"Met een Apple Watch hoeven diabetici straks niet meer te prikken." Je zag dit soort nieuwskoppen de afgelopen weken regelmatig op Internet langskomen. Het lijkt alsof de gezondheidsfuncties van de nieuwe smartwatch van Apple een alternatief zijn voor het meerdere keren per dag bloed prikken in je vingertoppen. Dat zou fantastisch nieuws zijn voor alle diabetespatiënten die met bloedprikken en een zogeheten glucosemeter bepalen hoeveel insuline ze zichzelf moeten toedienen om hun suikerspiegel onder controle te houden. In Nederland zijn dat meer dan honderdduizend patiënten.
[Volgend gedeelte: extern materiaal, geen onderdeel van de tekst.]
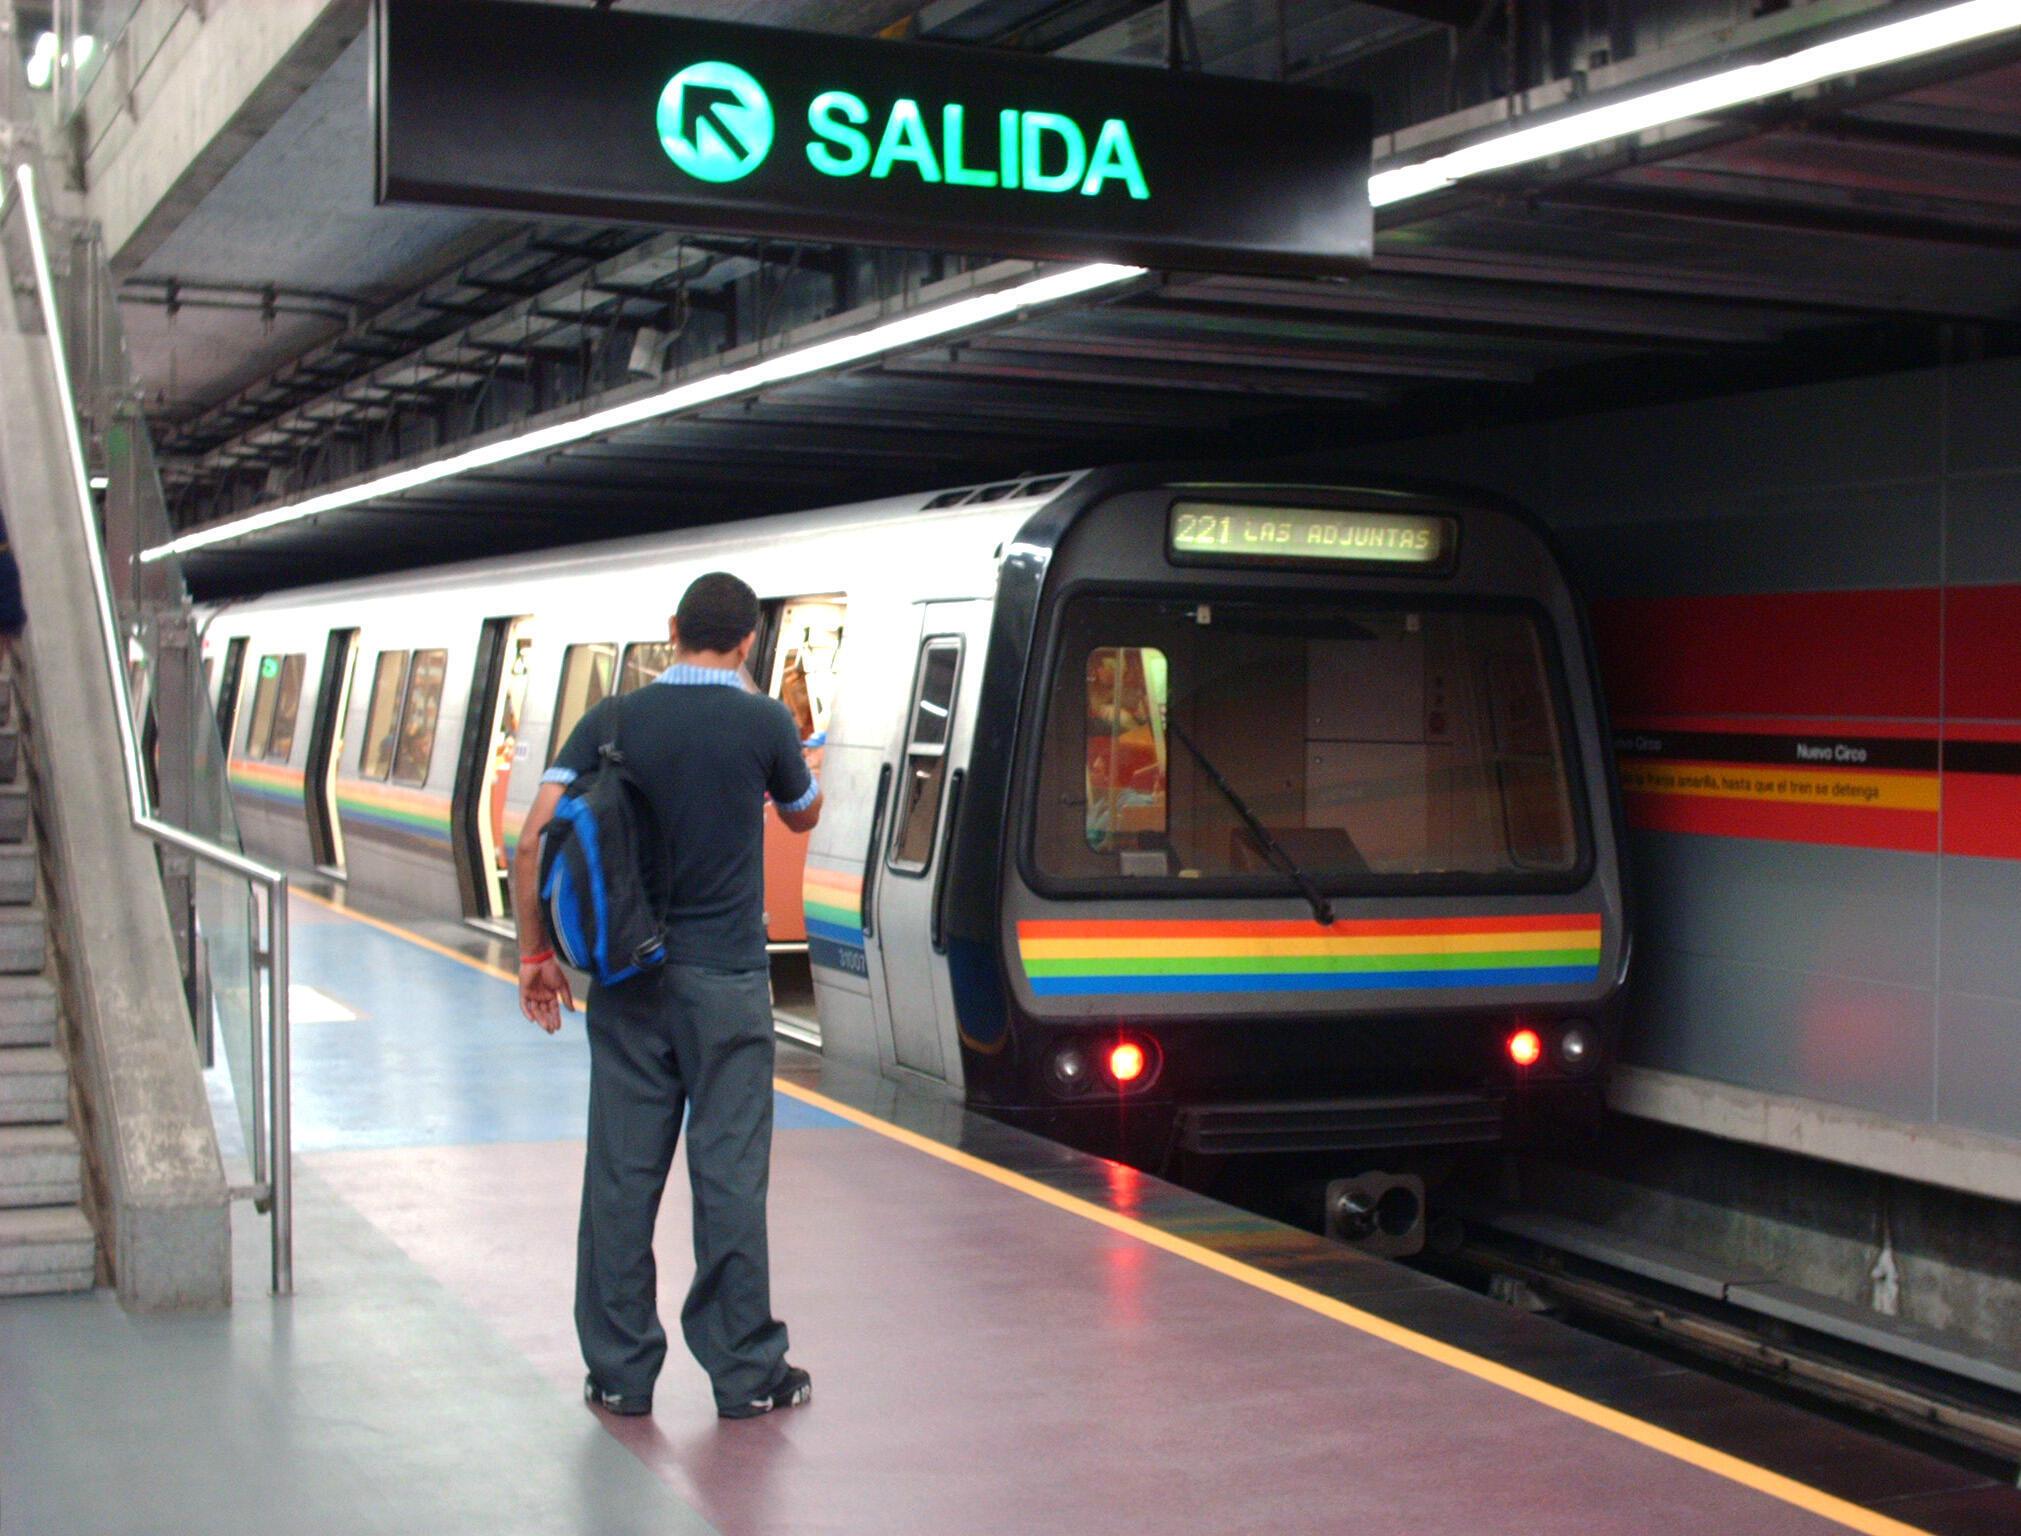 La station Nuevo Circo sur la ligne 4 du métro de Caracas, au Venezuela. (Image d'illustration)
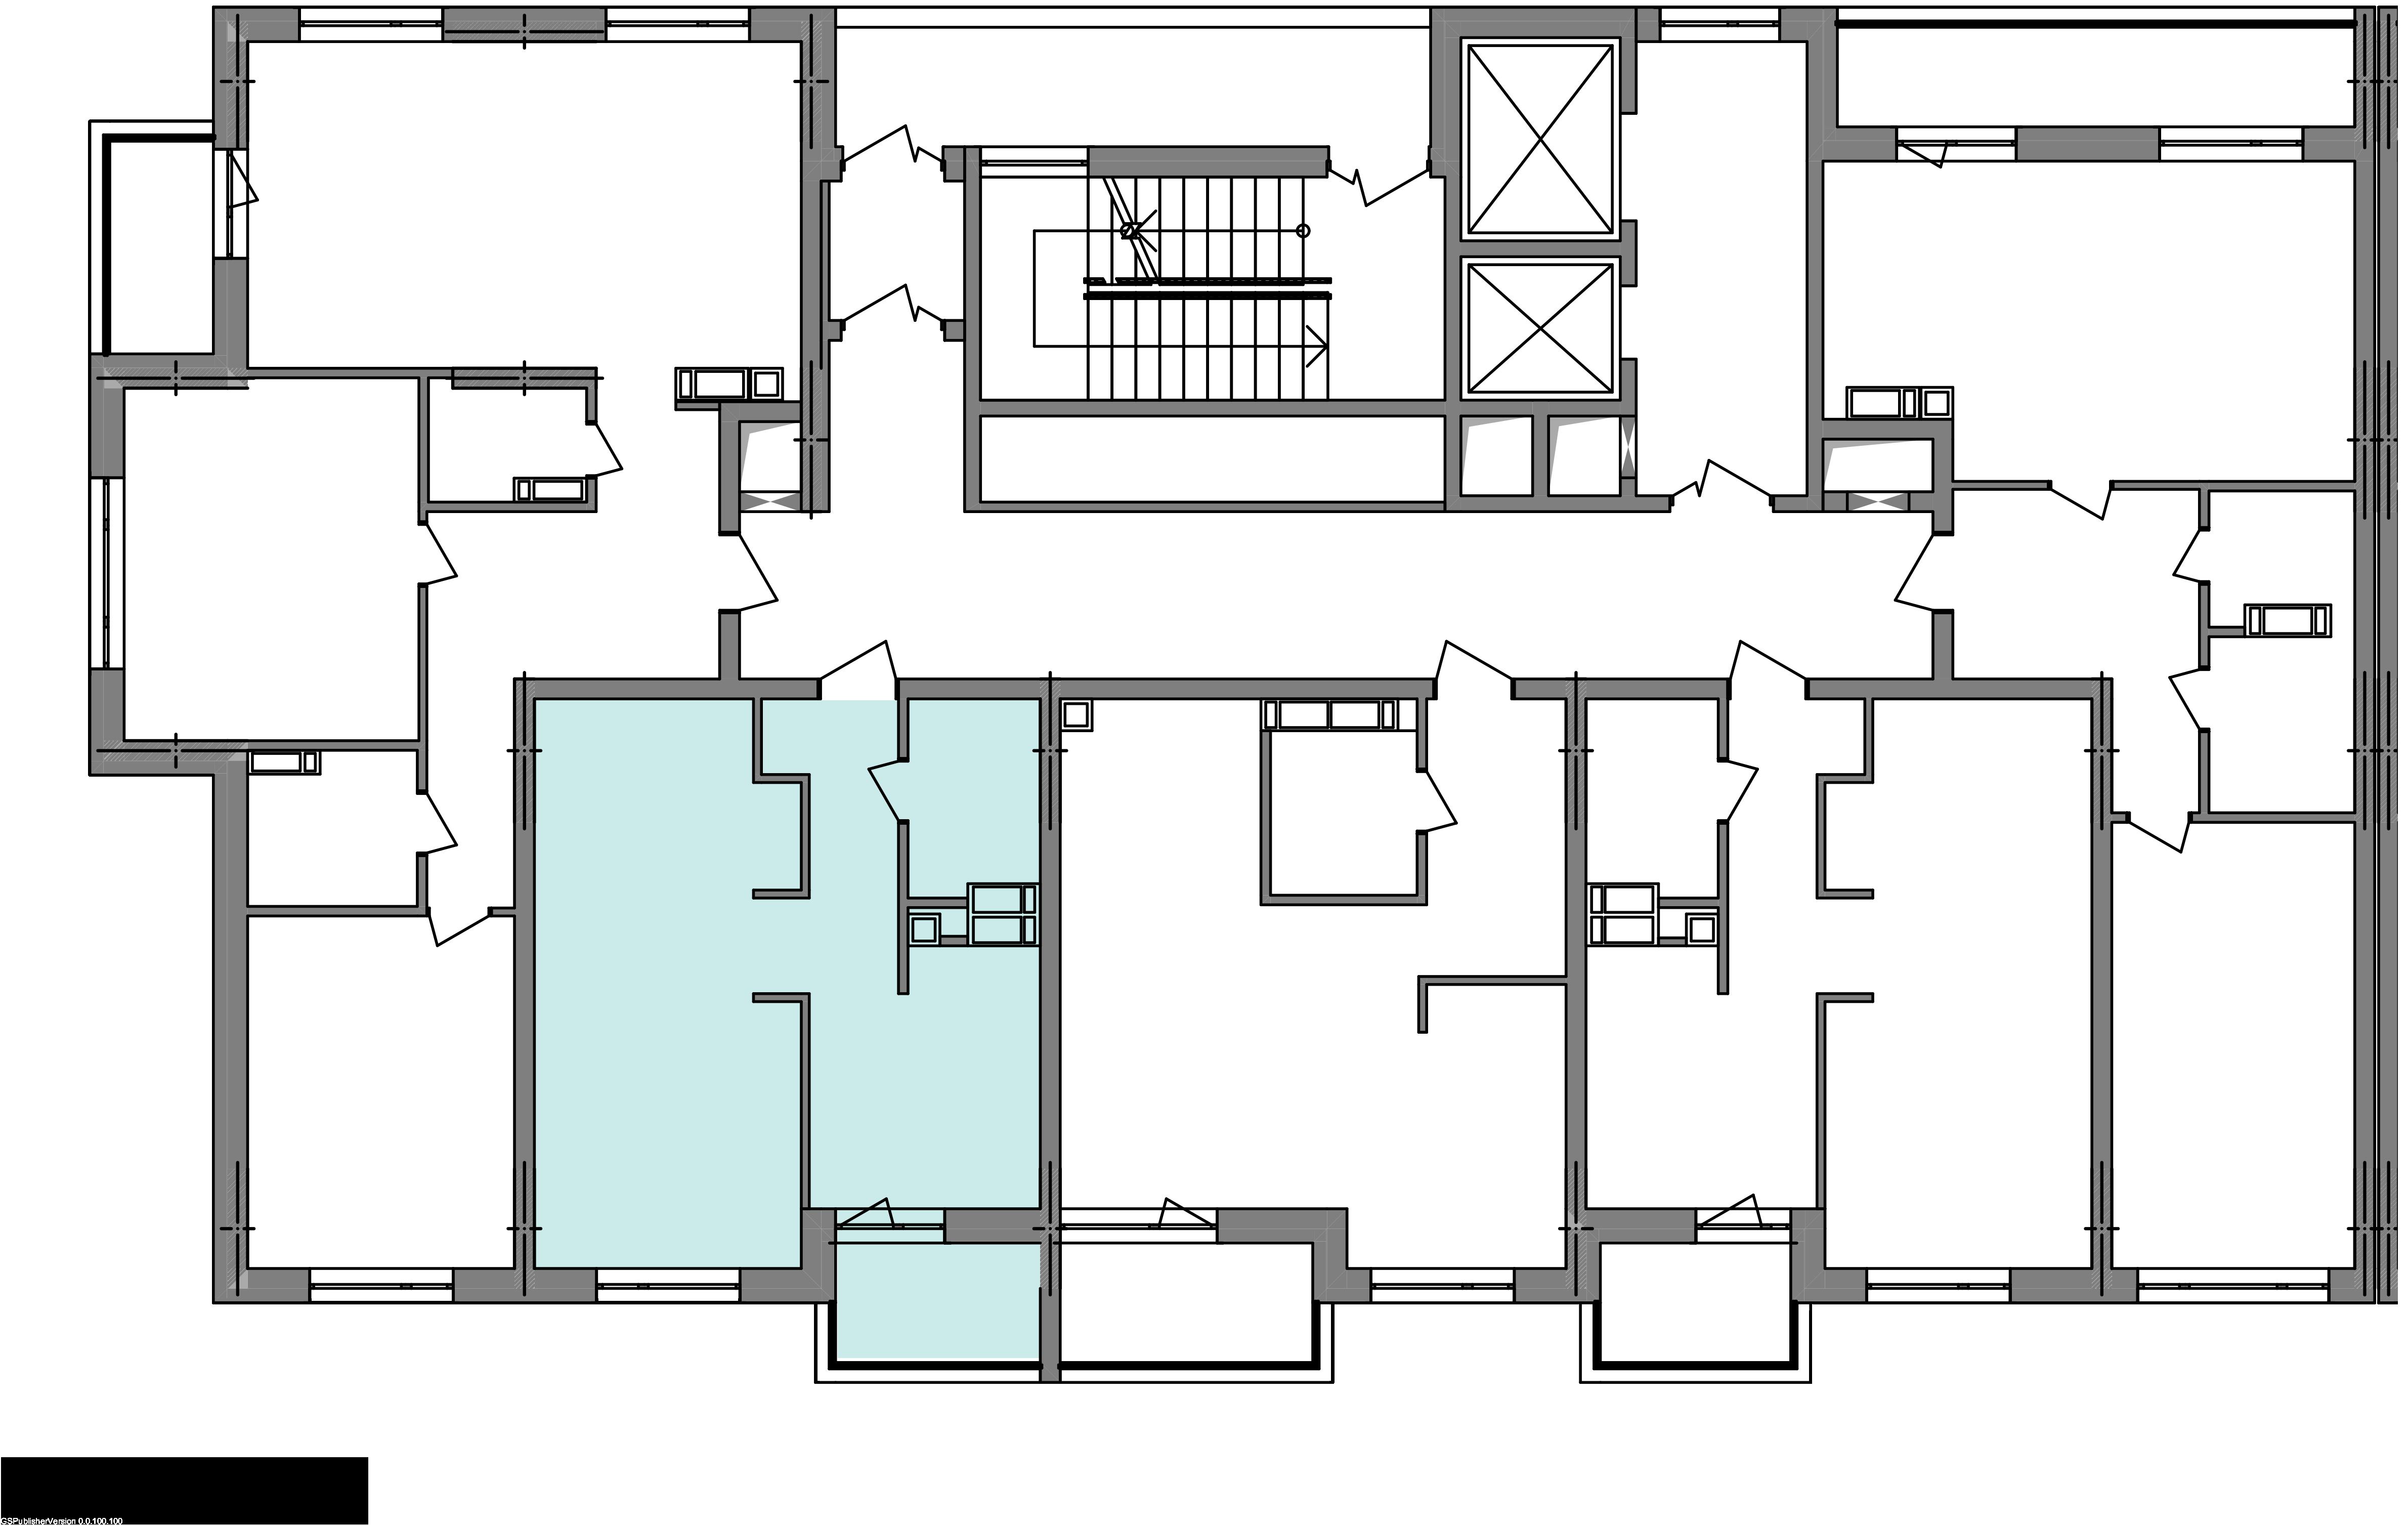 Однокімнатна квартира 40,48 кв.м., тип 1.6, будинок 3 секція 1 розташування на поверсі

Het is dan ook te mooi om waar te zijn. Wanneer Apple erin geslaagd zou zijn om zijn nieuwe horloge geschikt te maken voor het betrouwbaar meten van suiker (glucose) in je bloed, dan zou het technologiebedrijf iets hebben klaargespeeld waar tientallen ondernemingen, wetenschappers en venture capitalists in de afgelopen tientallen jaren op zijn vastgelopen. Elke keer leek het meten van glucose in je bloed zonder te moeten prikken binnen bereik te zijn, maar bijna altijd verdampte de droom (en de investeringen). Ons eigen RIVM concludeerde in een rapport uit 2000 dat rond 2015 (dat is nu dus) de alternatieven voor de vervelende vingerprik sterk verbeterd zouden zijn en dat die op grote schaal toegepast zouden worden. Die voorspelling komt niet uit.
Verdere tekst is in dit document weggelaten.